Over the last 40 years, beauty shoppers of a certain age have grown accustomed to seeing one term in particular emblazoned on products – ‘anti-ageing’. But a growing number of brands are jettisoning the term following negative feedback.
Dame Helen Mirren brought this issue to the fore earlier this month in an interview with American magazine Allure.
Recounting a conversation she had with L’Oréal Paris about its products, she said she told them, ‘This word, “anti-ageing” – we know we’re getting older. You just want to look and feel as great as you can.’
Consequently, she became the face of the Age Perfect range.
L’Oréal, of course, is not alone in changing its language around ageing.
Vichy is trying out the term Slow Age for its products for older skin, YSL has Forever Youth Liberator, while Murad has Age Reform.
These new monikers are intended to show that age is to be celebrated and embraced rather than battled – a sentiment that began to be discussed more than 10 years ago, when Chanel surveyed its customers and found they were positive about ageing. Focus was switched away from a ‘war’ on wrinkles in favour of getting your glow back and improving the complexion.
But this era of Beauty 2.0 is far more disruptive than simply being anti anti- ageing.
The entire world of cosmetics is updating its notions of ‘beauty’. Last week, ASOS announced it is rebranding its Beauty section as Face + Body and moving away from the narrow, conventional, gender-strict definitions of the word, perhaps in part due to the growing influence of young male vloggers making waves with their viral tutorials, which share their in-depth product knowledge and skilled make-up artistry.
It has already proven a successful strategy for rebel brands that refuse to be pigeonholed into appealing to specific ages, races or genders.
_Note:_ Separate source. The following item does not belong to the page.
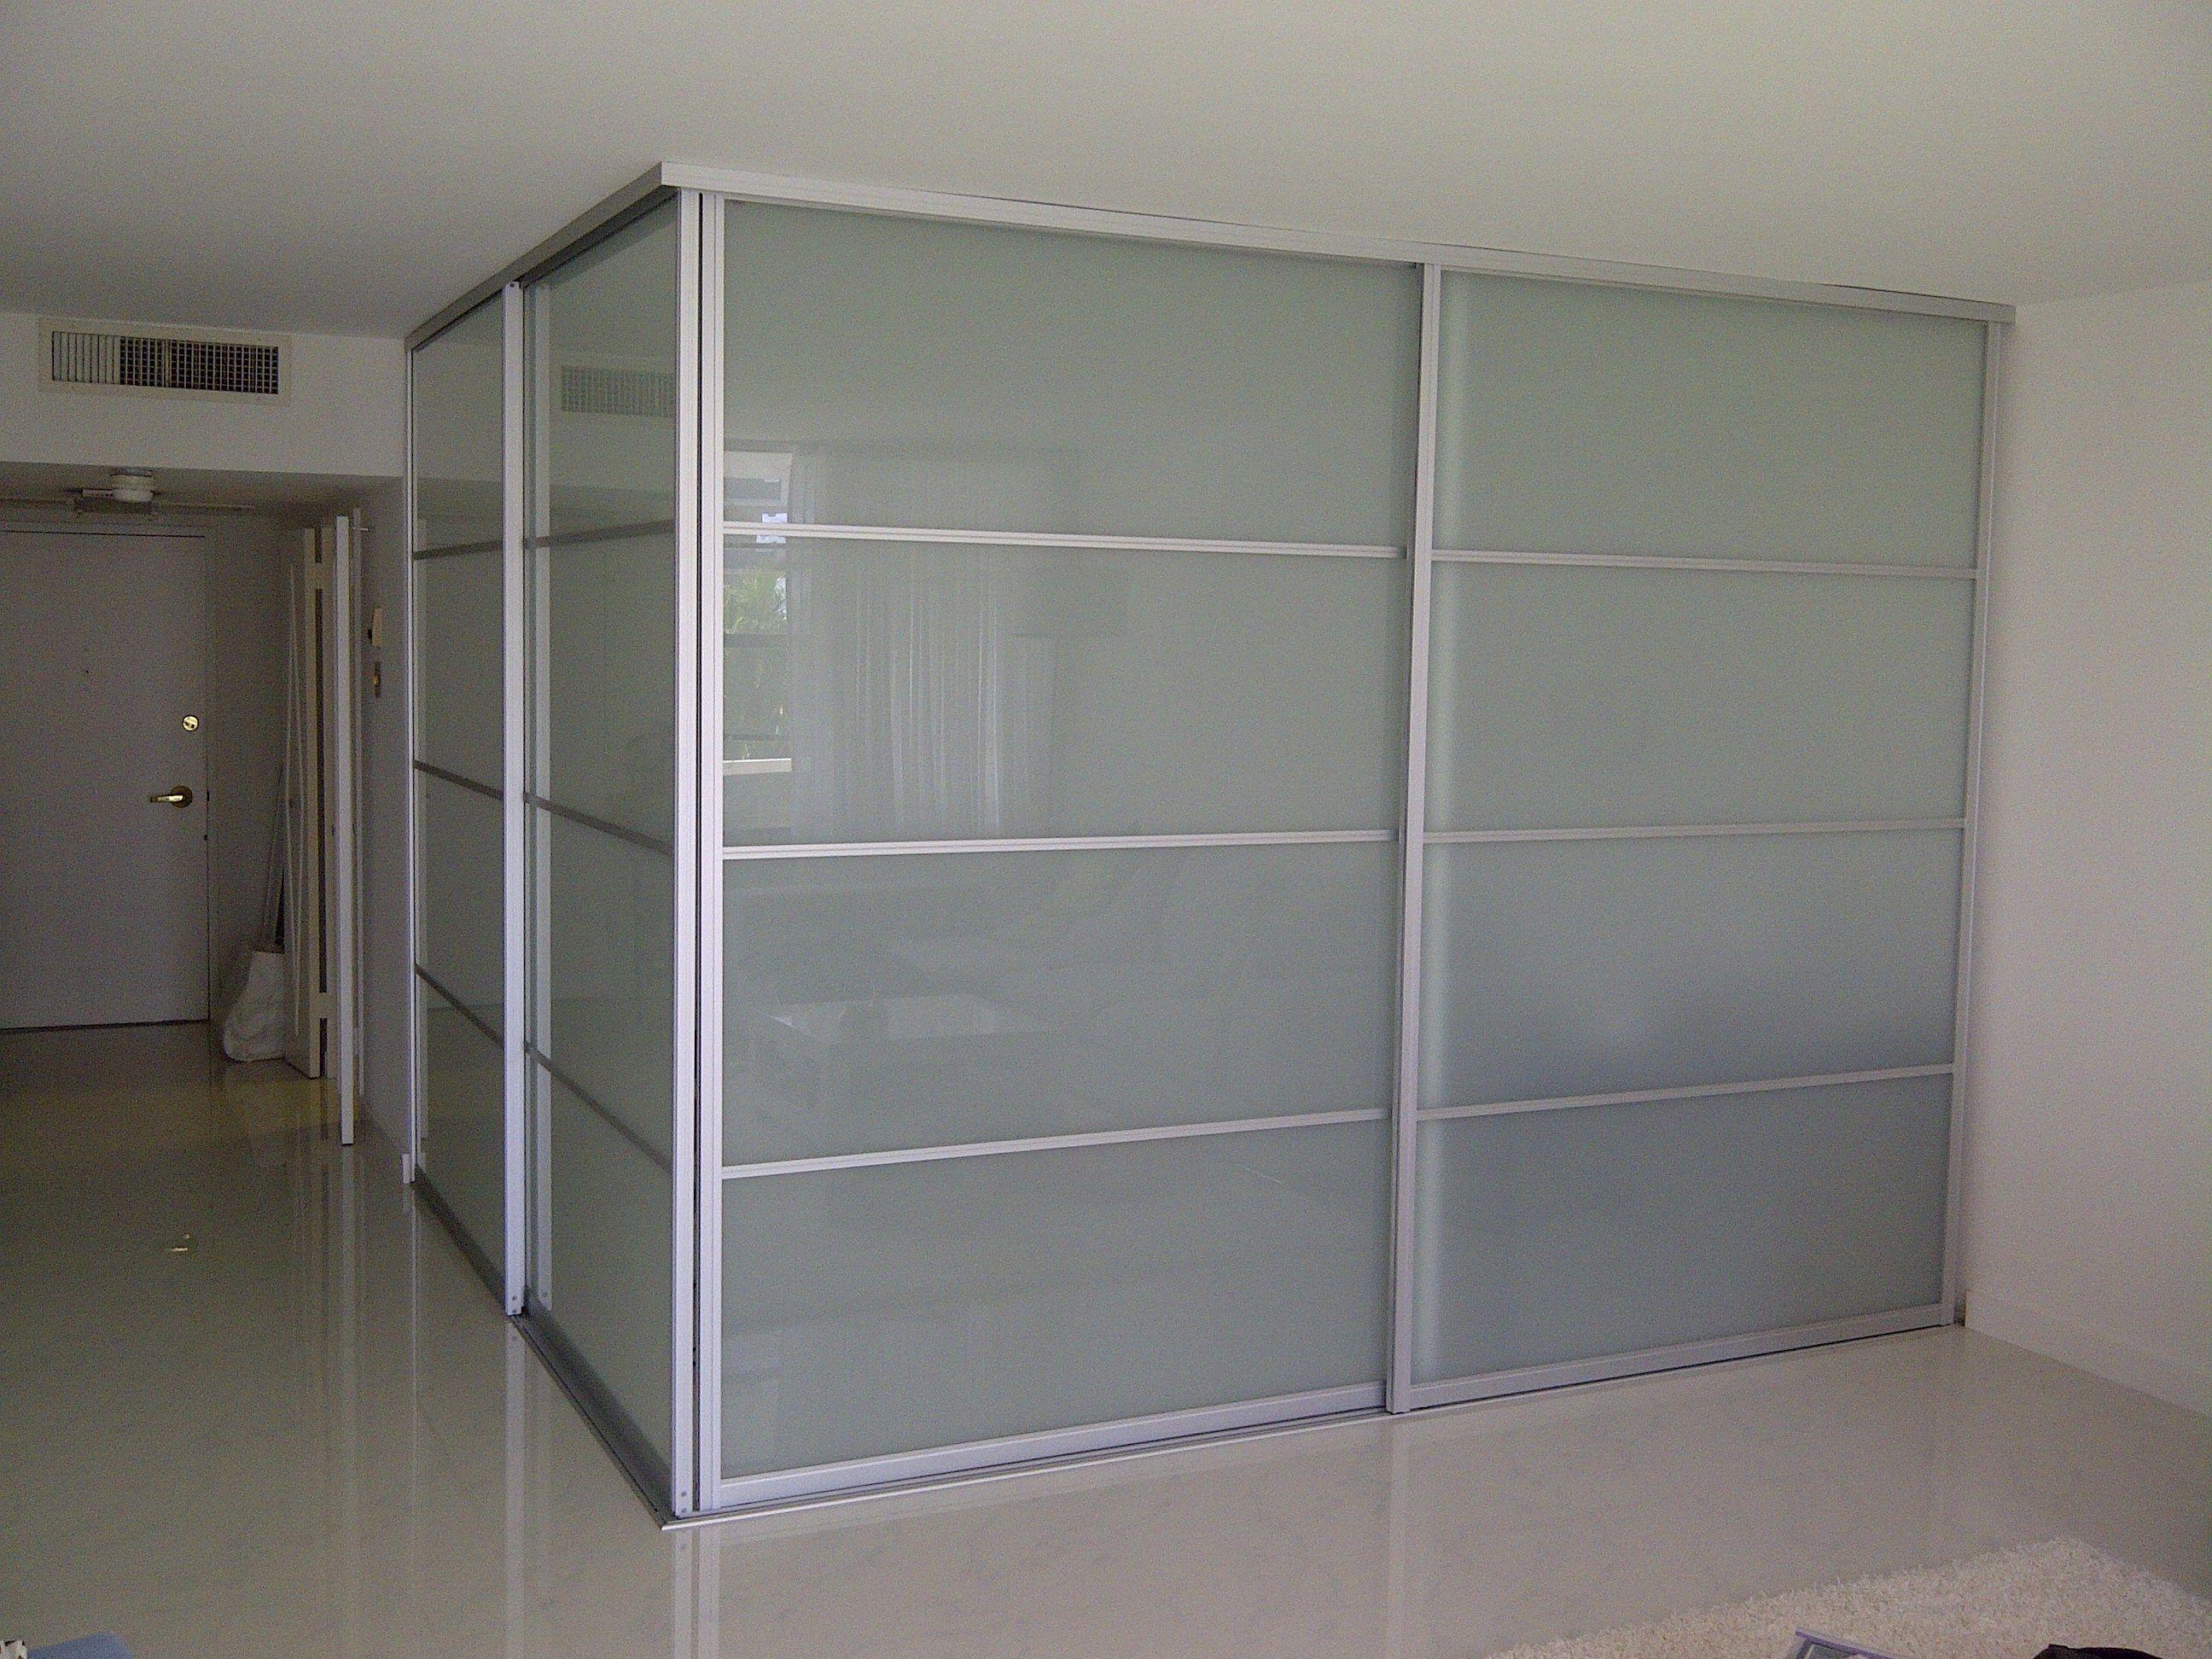 Practice Ikea Room Divider For Inspiring Room Design Ideas Cool Glass Panel Ikea Room Divider For Closet R Room Divider Bamboo Room Divider Metal Room Divider

The Ordinary, which offers problem-solving unisex bottles of active ingredients for around a fiver, has just been snapped up by Estée Lauder.
The Ordinary founder Brandon Truaxe told me recently, ‘Beauty is out of step with the way people lead their lives. Skin, hair and body care should be about solving problems. Women of 25 worry about lines, women over 60 still get acne, men want to unblock their pores, and the solutions are the same, no matter your gender, skin colour or age.’
‘Who decided that scent should have a gender?’ adds perfumer Geza Schoen, creator of cult fragrance Escentric Molecules. ‘Why is a rose feminine, or leather masculine? It’s ridiculous.’ Little wonder, then, that Guerlain’s new scent, Lui, is being marketed as gender-fluid. We all know women who wear men’s scent and men who use their partner’s face creams. And exactly why are women’s razors pink and twice as expensive as men’s?
Whether or not all beauty giants truly care about the opinions of women over 40, I’m not sure, but they do care how and where we spend our cash. By 2020, over 40% of the population will be over 50 and we have money to spend and are brand- loyal. Just ask the 50-something Estée Lauder Advanced Night Repair fans who were aghast when Kendall Jenner, 21, was cast as the face of the brand last year.
It would, however, be naive to believe that these changes come from an entirely altruistic and progressive standpoint. The beauty world remains a multibillion- pound business and it exists to make more. But there’s no doubt these changes will nally mean we are seeing more people like us – all ages, races and gender identities – being reflected back from those glossy beauty ads. And that surely has to empower us all.